Tokenizer evaluation should include both quantitative and qualitative checks.

Useful quantitative metrics:

| Metric | Meaning |
|---|---|
| Average tokens per character | Measures compression |
| Average tokens per word | Measures fertility |
| Unknown token rate | Should be near zero for modern tokenizers |
| Vocabulary coverage by language | Detects imbalance |
| Sequence length distribution | Affects context and training cost |

Useful qualitative checks:

```python
examples = [
    "Deep learning with PyTorch.",
    "electroencephalography",
    "get_user_profile_by_id(user_id)",
    "Xin chào thế giới.",
    "東京で機械学習を勉強しています。",
    "price = $123,456.78",
]

for text in examples:
    ids = tokenizer.encode(text)
    pieces = tokenizer.convert_ids_to_tokens(ids)

    print(text)
    print(pieces)
    print(len(ids))
    print()
```

The goal is not perfect human-readable pieces. The goal is efficient, stable, and useful segmentation for the model’s training distribution.

### Subword Methods and Model Architecture

Tokenization interacts with architecture.

A tokenizer that produces longer sequences increases attention cost. For a transformer, standard self-attention has cost roughly proportional to

$$
T^2.
$$

Thus a tokenizer with poor compression can significantly increase training and inference cost.

A tokenizer with a large vocabulary increases the cost of embeddings and output logits.

The output logits for a batch have shape

$$
[B,T,|V|].
$$

When $|V|$ is large, the final linear layer and softmax can become expensive.

This is why tokenizer choice must be considered part of model design, not merely preprocessing.

### Practical PyTorch Workflow

In a PyTorch language model project, tokenization usually happens before tensors enter the model.
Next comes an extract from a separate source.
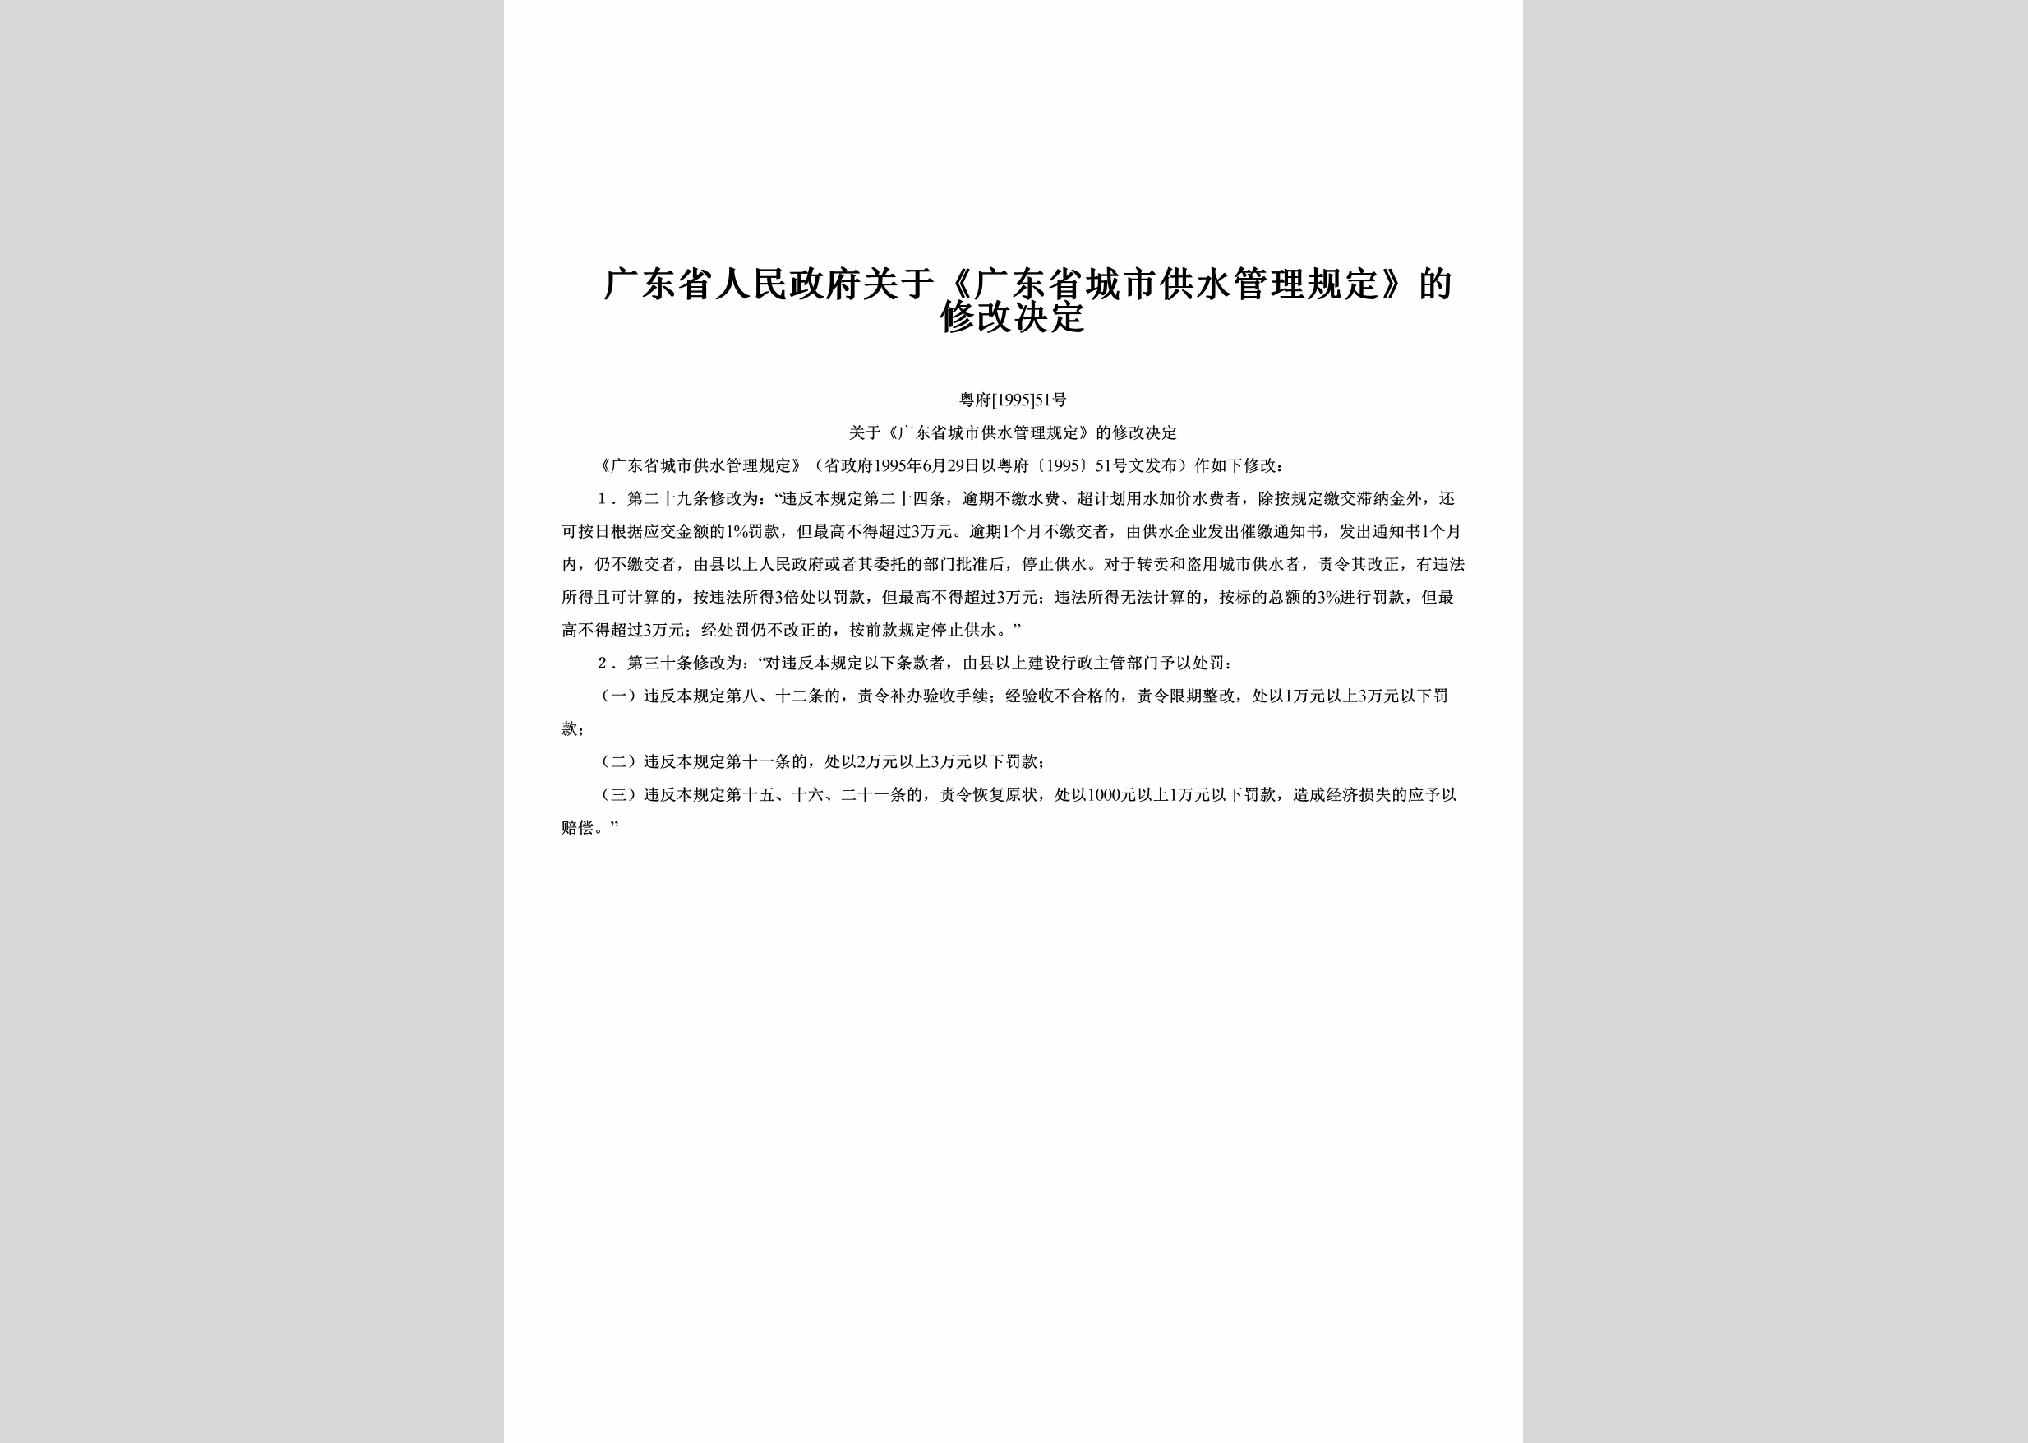 粤府[1995]51号：关于《广东省城市供水管理规定》的修改决定

A typical dataset returns token IDs:

```python
import torch
from torch.utils.data import Dataset

class TokenDataset(Dataset):
    def __init__(self, texts, tokenizer, block_size):
        self.examples = []

        for text in texts:
            ids = tokenizer.encode(text)

            for i in range(0, len(ids) - block_size):
                chunk = ids[i:i + block_size + 1]
                self.examples.append(torch.tensor(chunk))

    def __len__(self):
        return len(self.examples)

    def __getitem__(self, idx):
        chunk = self.examples[idx]

        x = chunk[:-1]
        y = chunk[1:]

        return x, y
```

The model receives integer tensors:

```python
x, y = batch

# x: [B, T]
# y: [B, T]

logits = model(x)

# logits: [B, T, V]
```

The embedding layer maps token IDs to vectors:

```python
embedding = torch.nn.Embedding(vocab_size, hidden_dim)

h = embedding(x)

# h: [B, T, D]
```

The tokenizer defines `vocab_size`, and therefore determines the first and last layers of the model.

### Summary

Subword methods solve the open vocabulary problem by splitting rare text into reusable pieces. BPE builds tokens through frequent-pair merges. WordPiece uses likelihood-oriented subword construction and continuation markers. Unigram tokenization treats segmentation probabilistically and prunes a candidate vocabulary. SentencePiece provides a language-neutral framework for raw-text tokenization.

Subword tokenizer design affects sequence length, memory cost, multilingual quality, code modeling, numerical behavior, and model robustness. In modern deep learning systems, the tokenizer is part of the model’s architecture and deployment interface.